--- Data section Enclosed Below ---

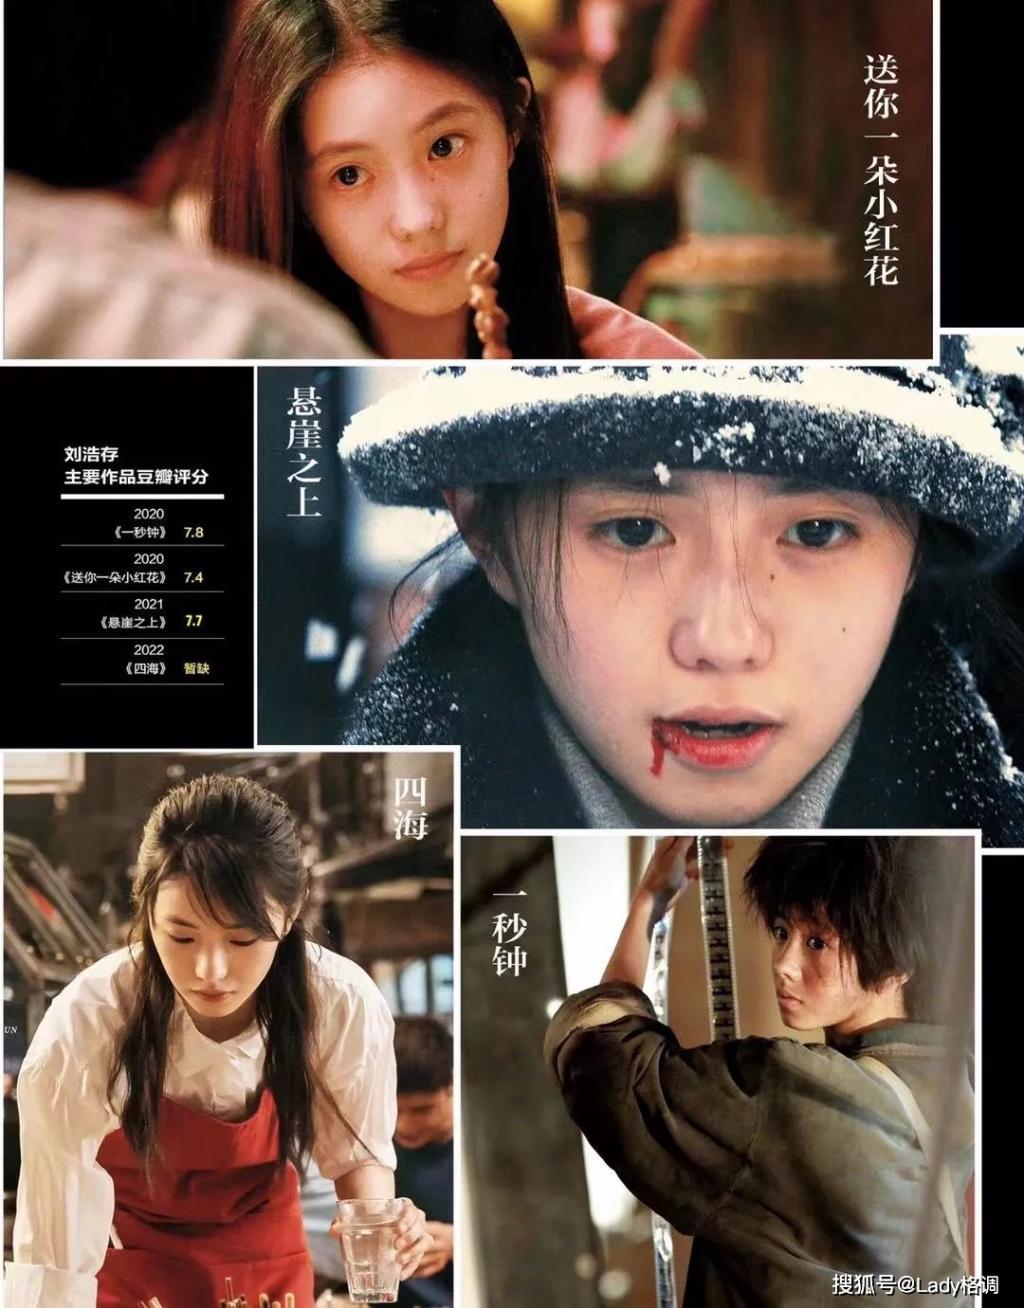 """3. Bắt đầu đóng phim từ năm 2018, đến nay Lưu Hạo Tồn đã có 4 bộ phim """"dằn túi"""", gồm Một giây, Tặng bạn một đóa hoa hồng nhỏ màu đỏ, Trên vách đá và Tứ hải"""
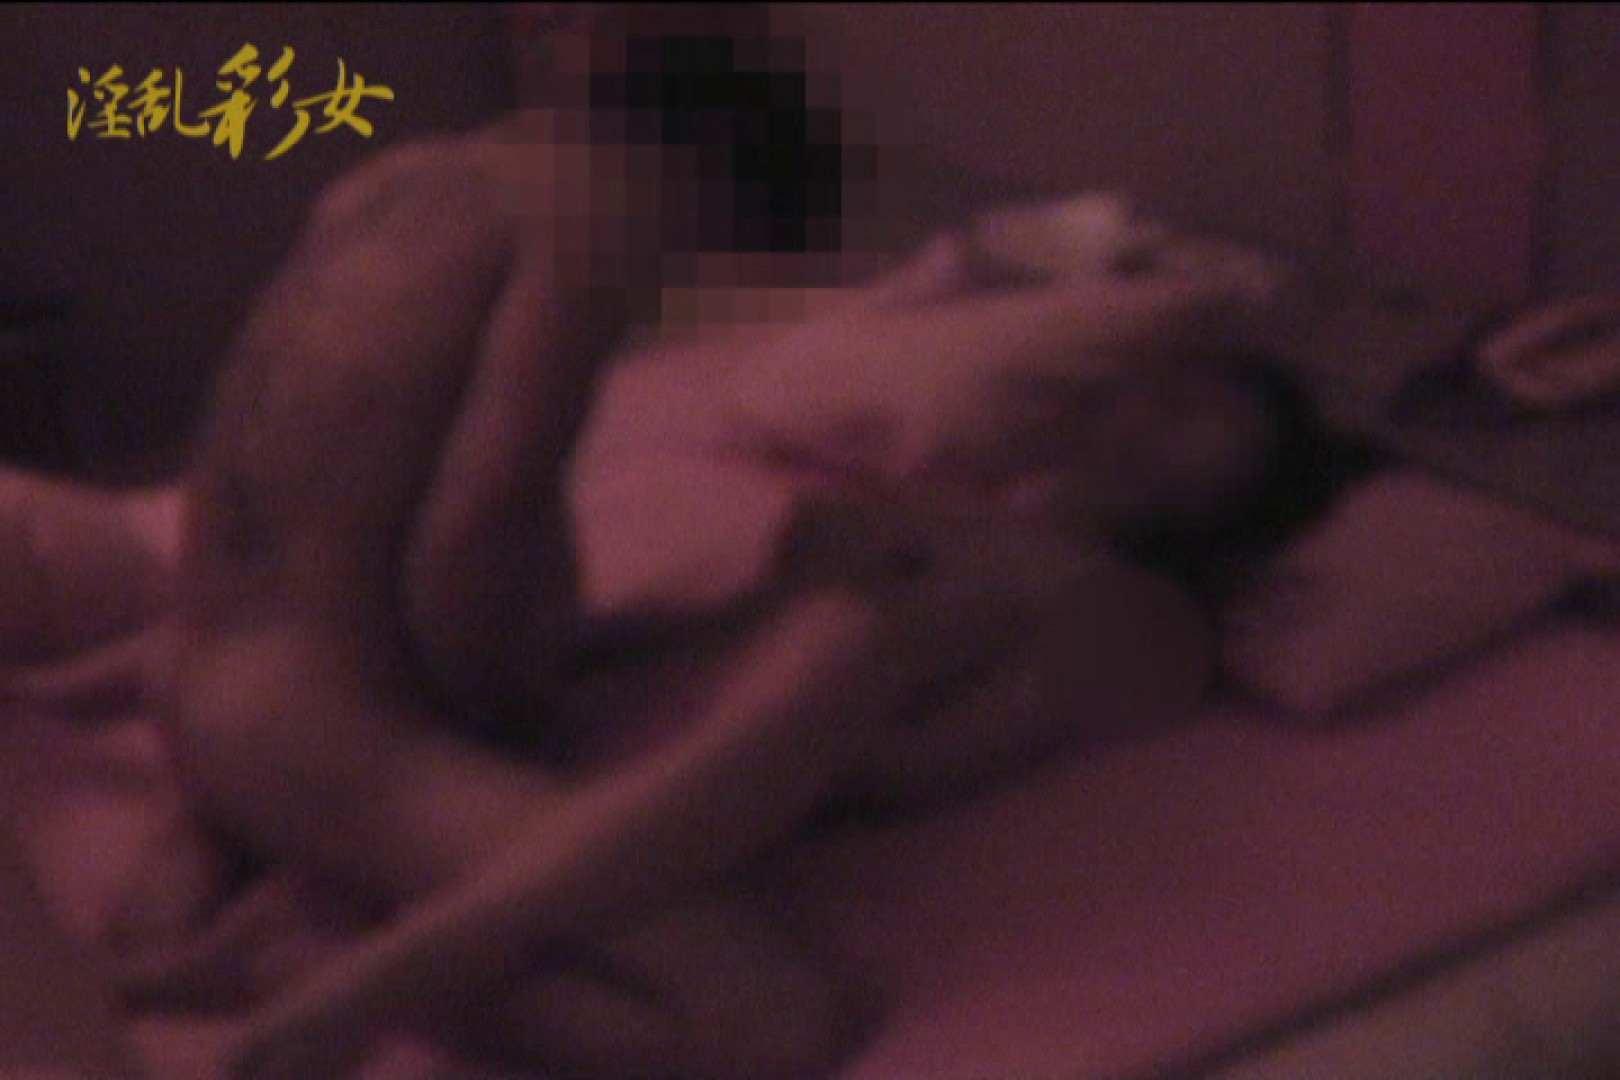 淫乱彩女 麻優里 旦那の前で王様ゲーム 淫乱 えろ無修正画像 59PIX 15
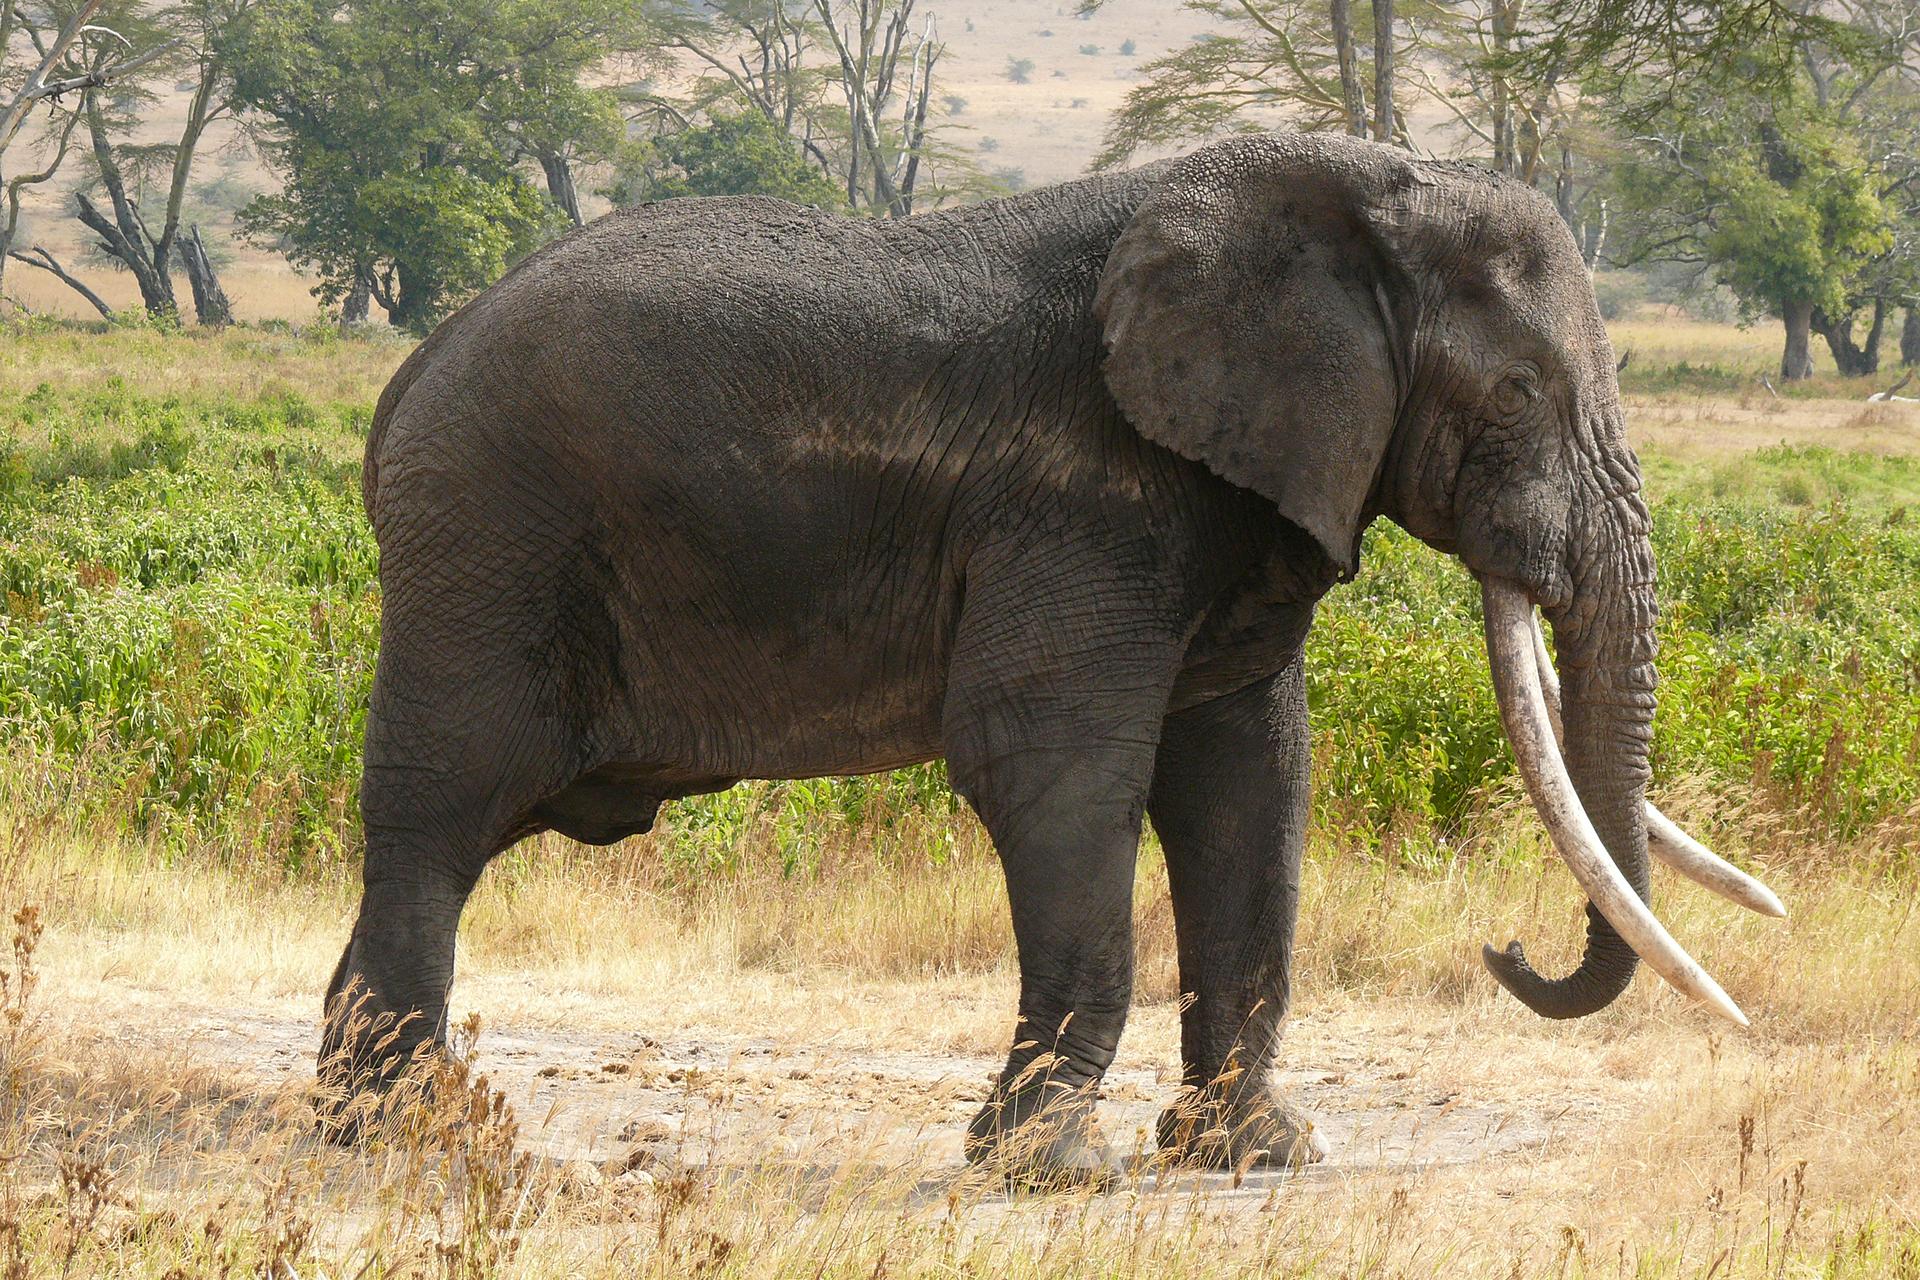 Fotografia przedstawia zboku szarego słonia afrykańskiego na sawannie. Głowa zprawej, zdługą, zwisającą, podwiniętą na końcu trąbą. Od góry przy trąbie wyrastają bardzo długie siekacze, zwane ciosami. Duże uszy przylegają do masywnego tułowia. Słoń stoi na udeptanej ziemi.

--- End of Enclosed Data section ---

▸ What you have to do
Repeat the listing above exactly, omitting the pictures it contains.

▸ Task output
 """3. Bắt đầu đóng phim từ năm 2018, đến nay Lưu Hạo Tồn đã có 4 bộ phim """"dằn túi"""", gồm Một giây, Tặng bạn một đóa hoa hồng nhỏ màu đỏ, Trên vách đá và Tứ hải"""
 淫乱彩女 麻優里 旦那の前で王様ゲーム 淫乱 えろ無修正画像 59PIX 15
 Fotografia przedstawia zboku szarego słonia afrykańskiego na sawannie. Głowa zprawej, zdługą, zwisającą, podwiniętą na końcu trąbą. Od góry przy trąbie wyrastają bardzo długie siekacze, zwane ciosami. Duże uszy przylegają do masywnego tułowia. Słoń stoi na udeptanej ziemi.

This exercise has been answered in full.